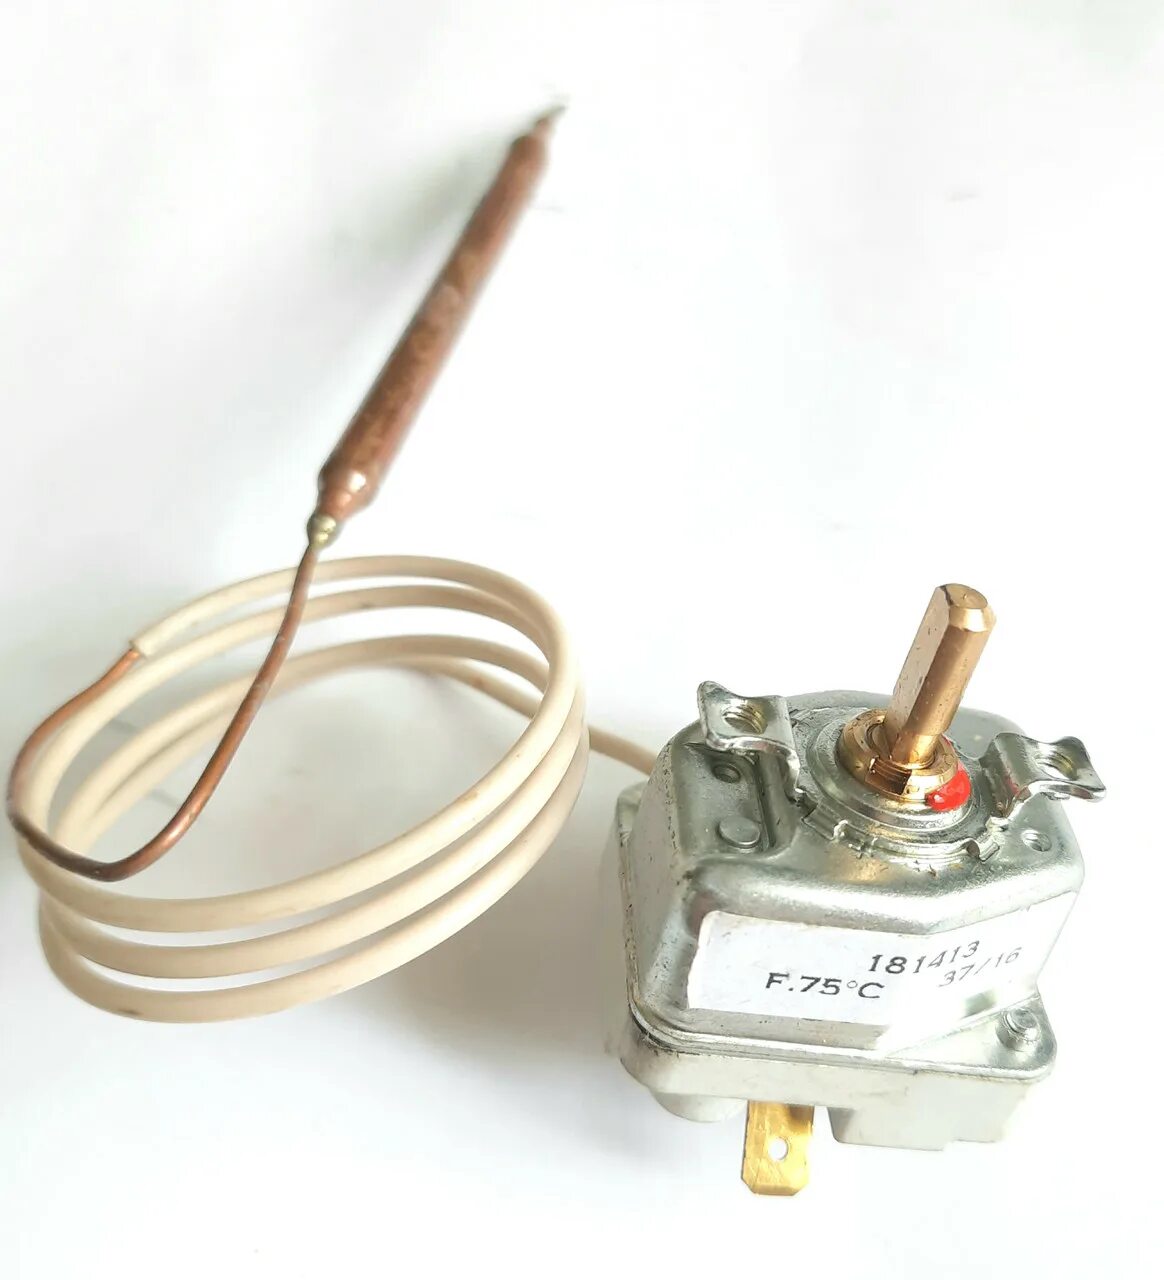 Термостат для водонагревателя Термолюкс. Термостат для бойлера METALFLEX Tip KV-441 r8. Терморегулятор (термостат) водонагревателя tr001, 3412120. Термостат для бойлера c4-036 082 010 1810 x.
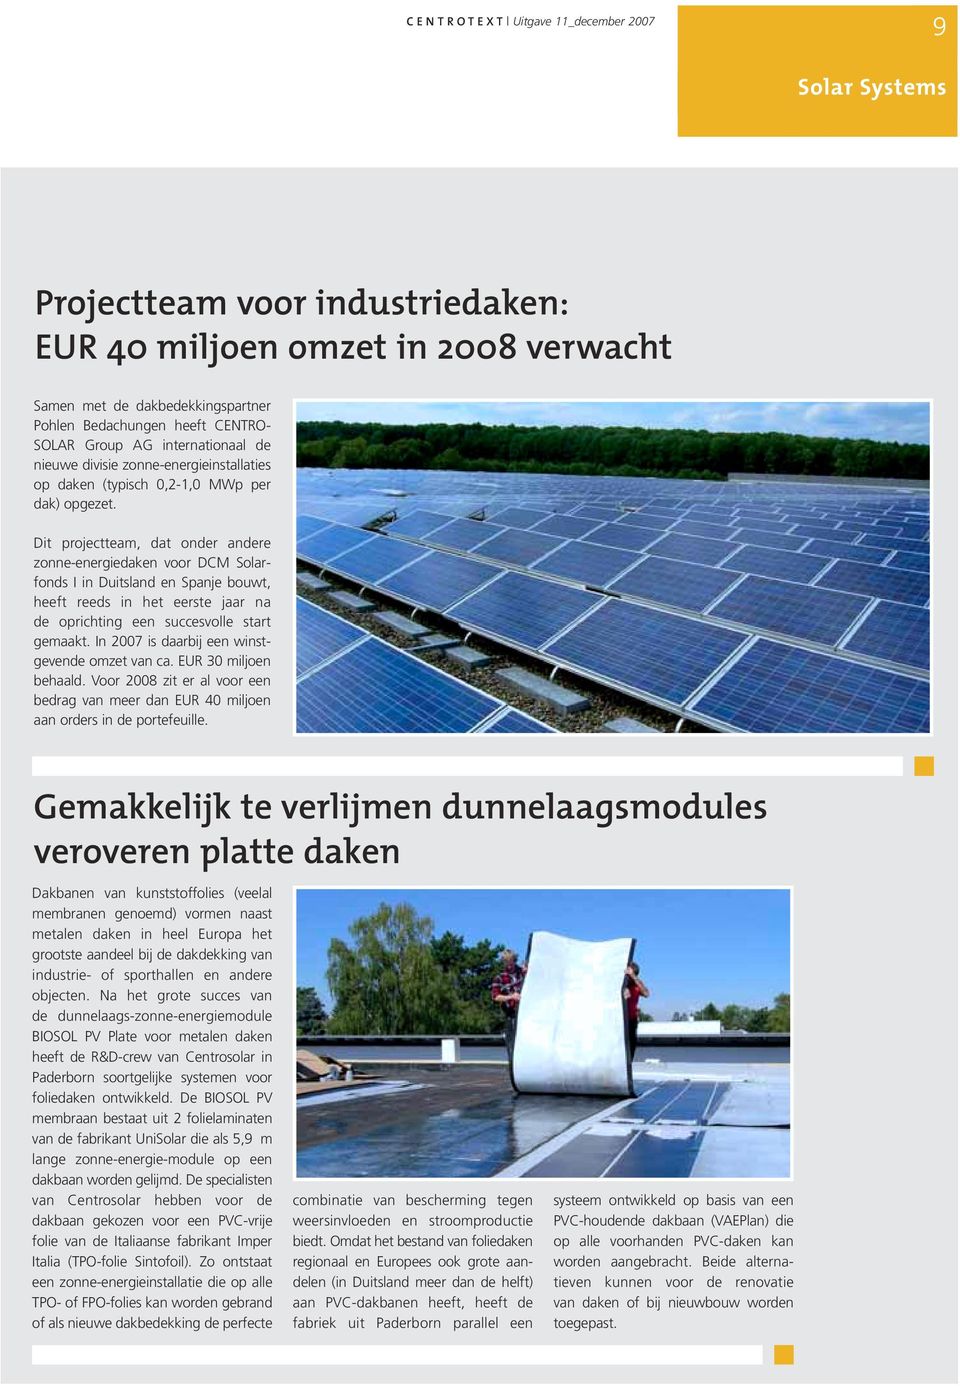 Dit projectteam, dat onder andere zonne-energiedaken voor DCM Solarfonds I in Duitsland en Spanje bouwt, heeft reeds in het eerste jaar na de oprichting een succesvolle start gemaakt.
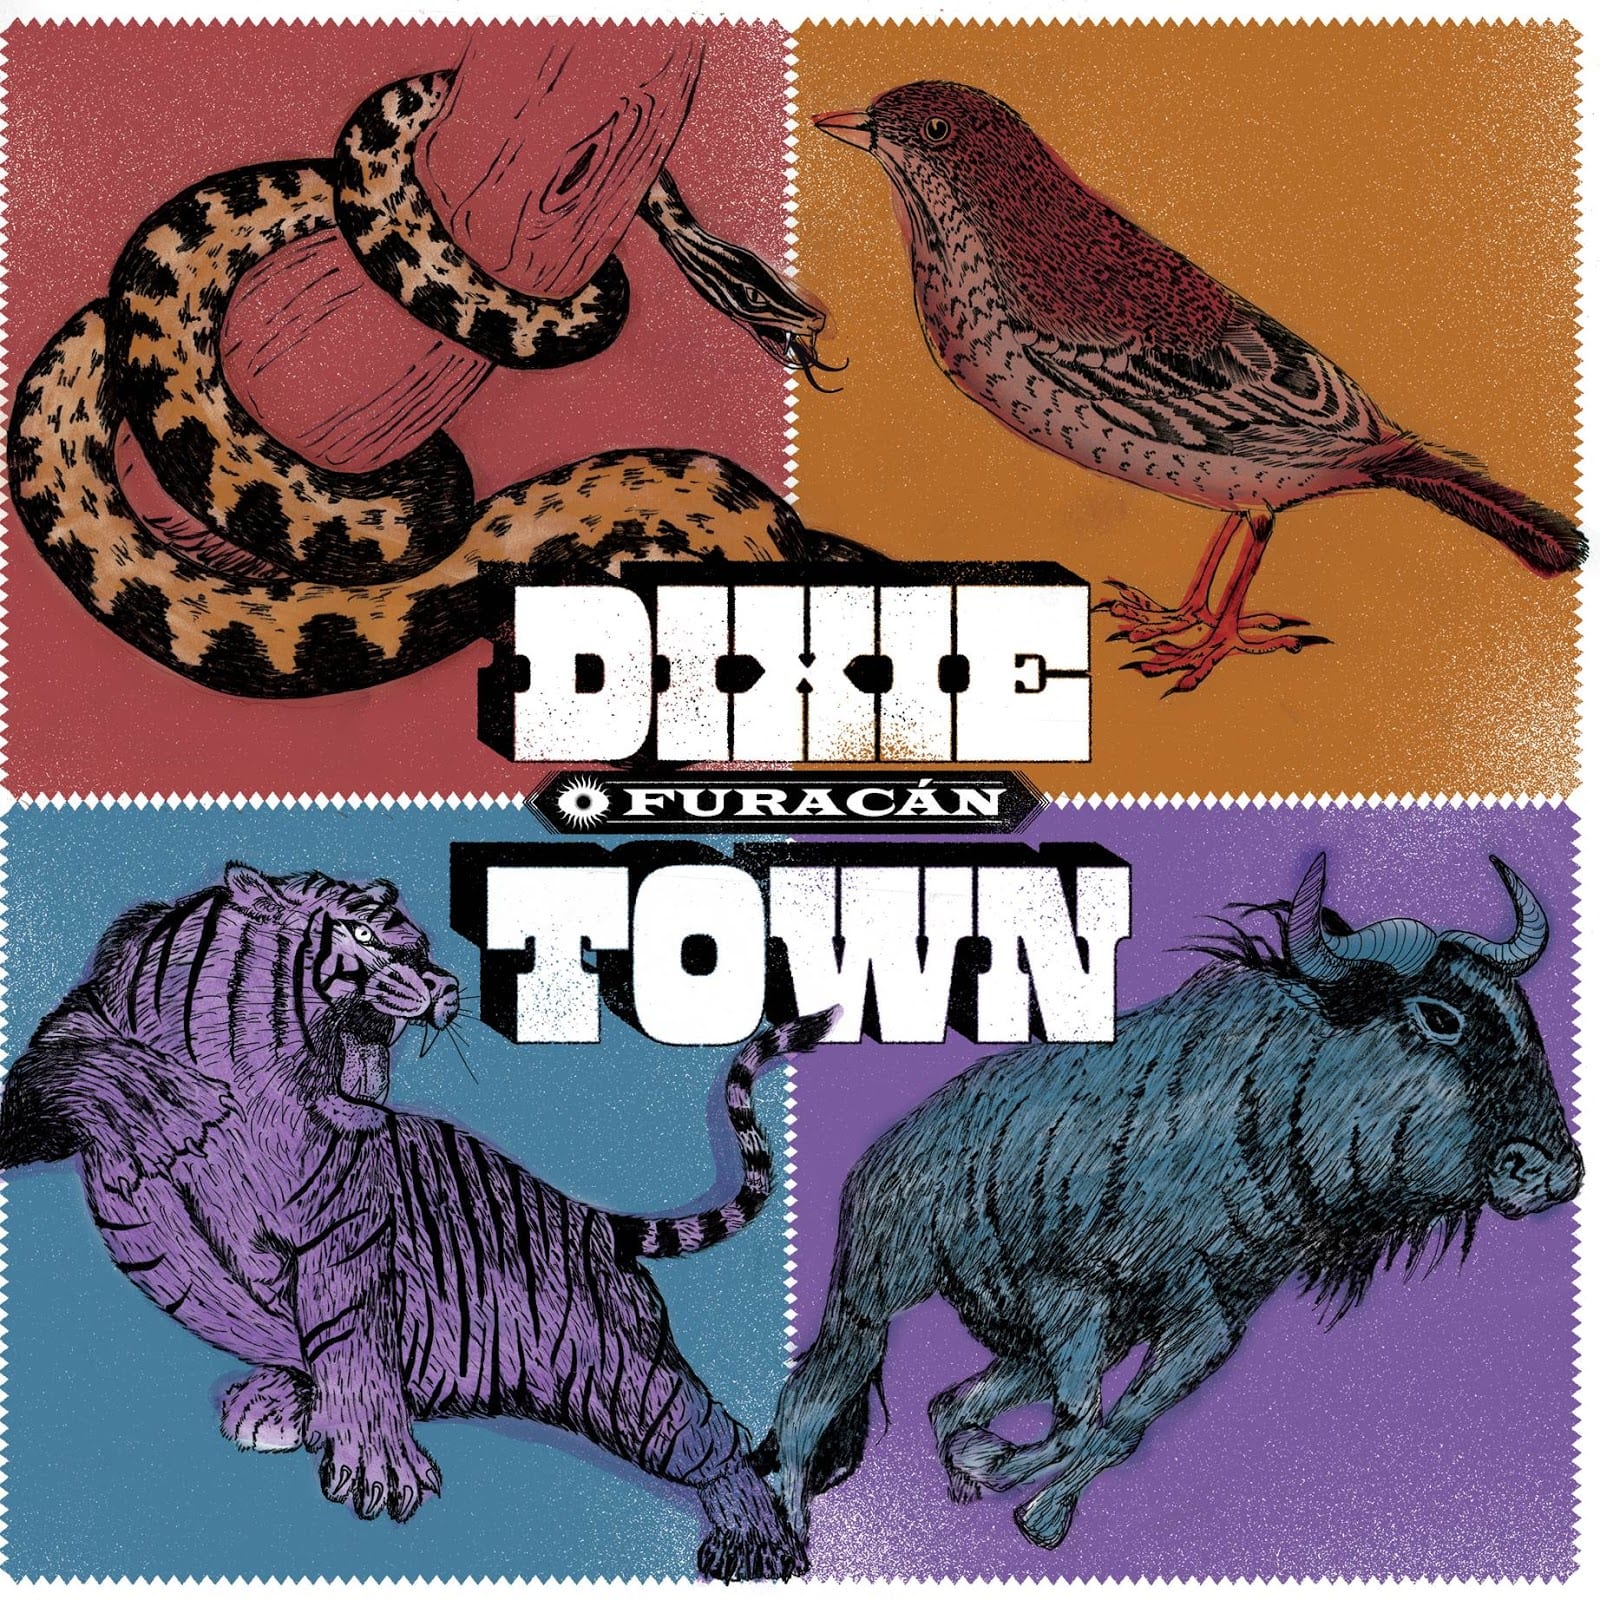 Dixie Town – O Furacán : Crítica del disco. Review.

> _The task_: Word for word, repeat the material above and drop the pictures.

> _Solution for this exercise_:
 Термостат для водонагревателя Термолюкс. Термостат для бойлера METALFLEX Tip KV-441 r8. Терморегулятор (термостат) водонагревателя tr001, 3412120. Термостат для бойлера c4-036 082 010 1810 x.
 Dit projectteam, dat onder andere zonne-energiedaken voor DCM Solarfonds I in Duitsland en Spanje bouwt, heeft reeds in het eerste jaar na de oprichting een succesvolle start gemaakt.
 Dixie Town – O Furacán : Crítica del disco. Review.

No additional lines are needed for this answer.